James Brewin,
London UK
I spent 4 months working in the Trauma Surgery department
at Tygerberg Hospital. Tygerberg Hospital is a large government
hospital on the outskirts of Cape Town and is part of the
University of Stellenbosch.
As a government hospital it is under funded
and understaffed when compared to the UK which meant it
was busier and I got more experience working here than compared
with the UK. As an academic hospital there is good senior
support, teaching and good academic facilities available
at the medical school.
In South Africa a large proportion of
the emergency surgery workload is a result of trauma, consequently
there is a separate trauma firm in the surgery department.
There is a high incidence of penetrating trauma as well
as a large number of multi-trauma patients from road traffic
accidents (South Africa has a very poor road safety record).
My experience
As a trauma Medical Officer
I started working as a trauma Medical Officer in the “Trauma”
area which is the equivalent of UK Accident and Emergency
but only treats patients suffering from trauma (orthopaedic,
neurosugical, cardothoracic and general trauma). I worked
a shift rota with the other MOs who were of various seniorities
so could provide support and teaching as needed.
I gained experience assessing minor injuries,
evaluating penetrating and blunt trauma and resuscitating
severely injured patients. My ATLS skills were considerably
improved and I feel I will remember them much better having
gained practical experience in most areas of trauma.

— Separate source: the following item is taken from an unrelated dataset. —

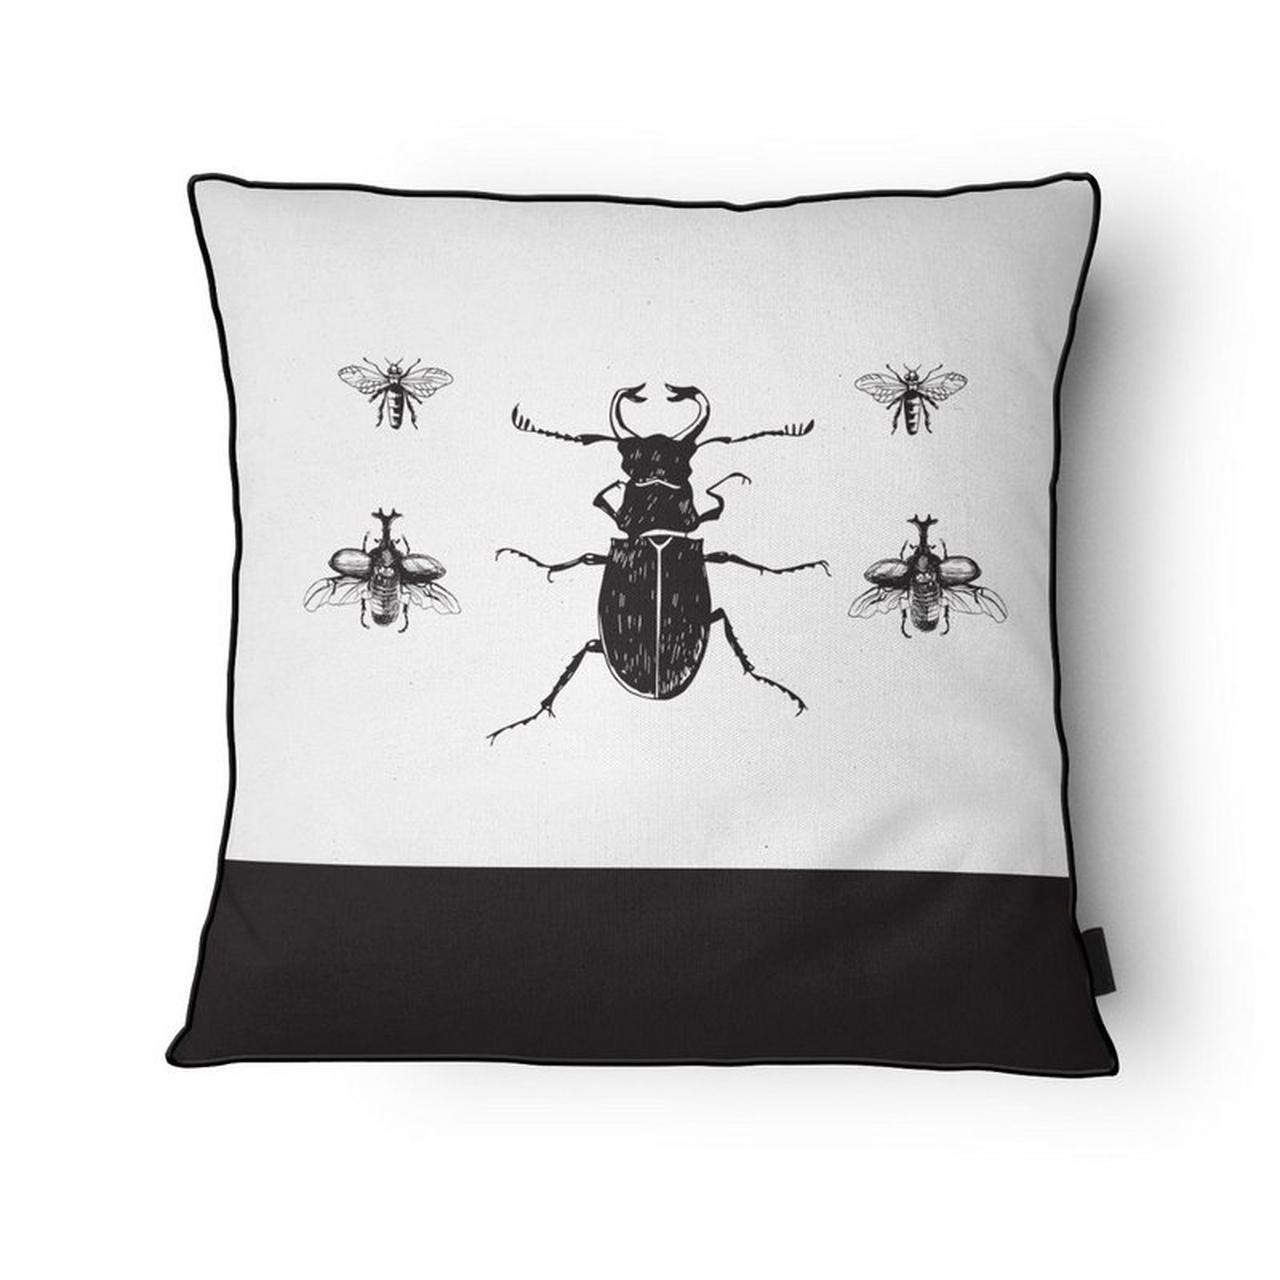 Capa Almofada Beetle  - CASACOBRE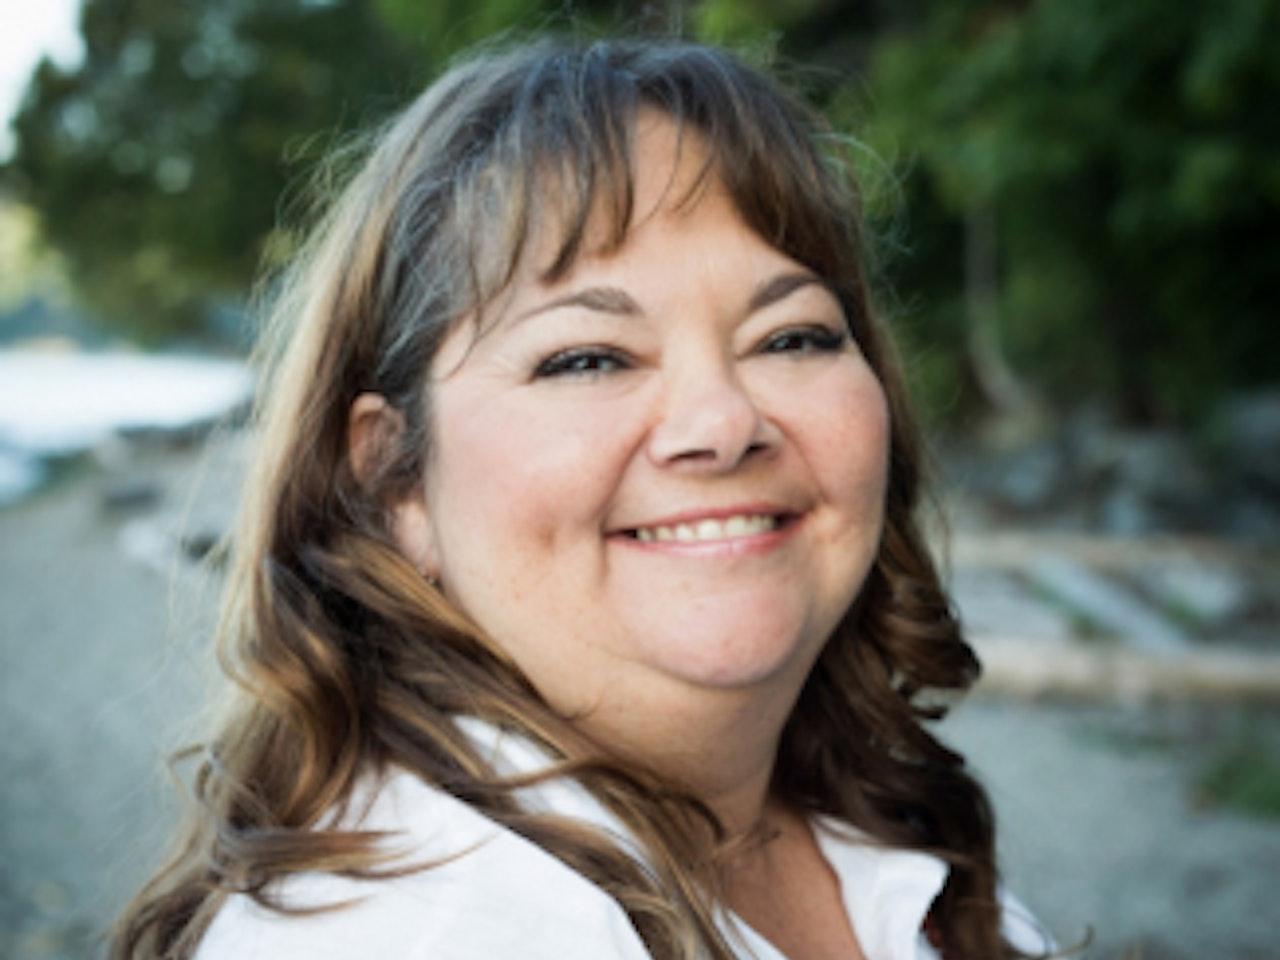 """Série """"Guérison et Réconciliation"""" - Entrevue avec l'Auteure Monique Gray Smith / """"Healing & Reconciliation"""" Series - Interview with Author Monique Gray Smith"""

The trauma MOs also run a short stay ward
for patients with intercosotal drains, wound infections,
etc. Part of my job was to go on daily ward rounds and decide
on the care/discharge plans for these patients.
With the Trauma Firm
After working as a trauma MO for a month I worked as a supernumerary
registrar on the trauma surgery firm. The trauma firm cares
for patients with abdominal trauma, vascular limb injuries,
neck trauma and co-ordinates the care of multiply injured
patients. Initially I shadowed the team and assisted in
theatre but gradually, as I gained more experience, I did
more work unsupervised.
I assessed and resuscitated patients,
went to theatre and assisted/operated and then helped manage
the patients on the ward. The surgeons also run their own
High dependency/resuscitation area where they manage intubated/ventilated
patients and patients on inotropes, which gave me experience
in this area which I would not get in the UK.
Overall I got a clinical experience that
I would never get working in the UK both in the initial
treatment of patients and in the operating theatre. There
was good teaching and supervision throughout.
Advice to Doctors wanting
to work at Tygerberg
• When working in the Trauma department the busiest
times are the weekends and Mondays (with the left over theatre
cases from the weekend). I found I got the most out of my
time if I worked at the weekends and took a couple of days
off during the week. The weekends are also the times when
the doctors are busiest so appreciate and extra pair of
hands.
• I found that working as a trauma MO initially gave
me a good general experience of trauma before working with
the trauma surgeons.
• Try and find out when the registrar teaching sessions
are as these were really helpful.
• I enjoyed living in Cape Town and commuting to the
hospital (30mins in rush hour).
• The posts are unpaid as the government hospitals
do not have the funds to pay supernumerary staff (it is
very difficult to get a working visa anyway). I had to save
up but living costs are much cheaper than in the UK.
• It takes a long time to register with the HPCSA
(SA medical council). I sent my documents 5 months in advance
and they were not ready in time despite lots of pestering.
You can check their website for information.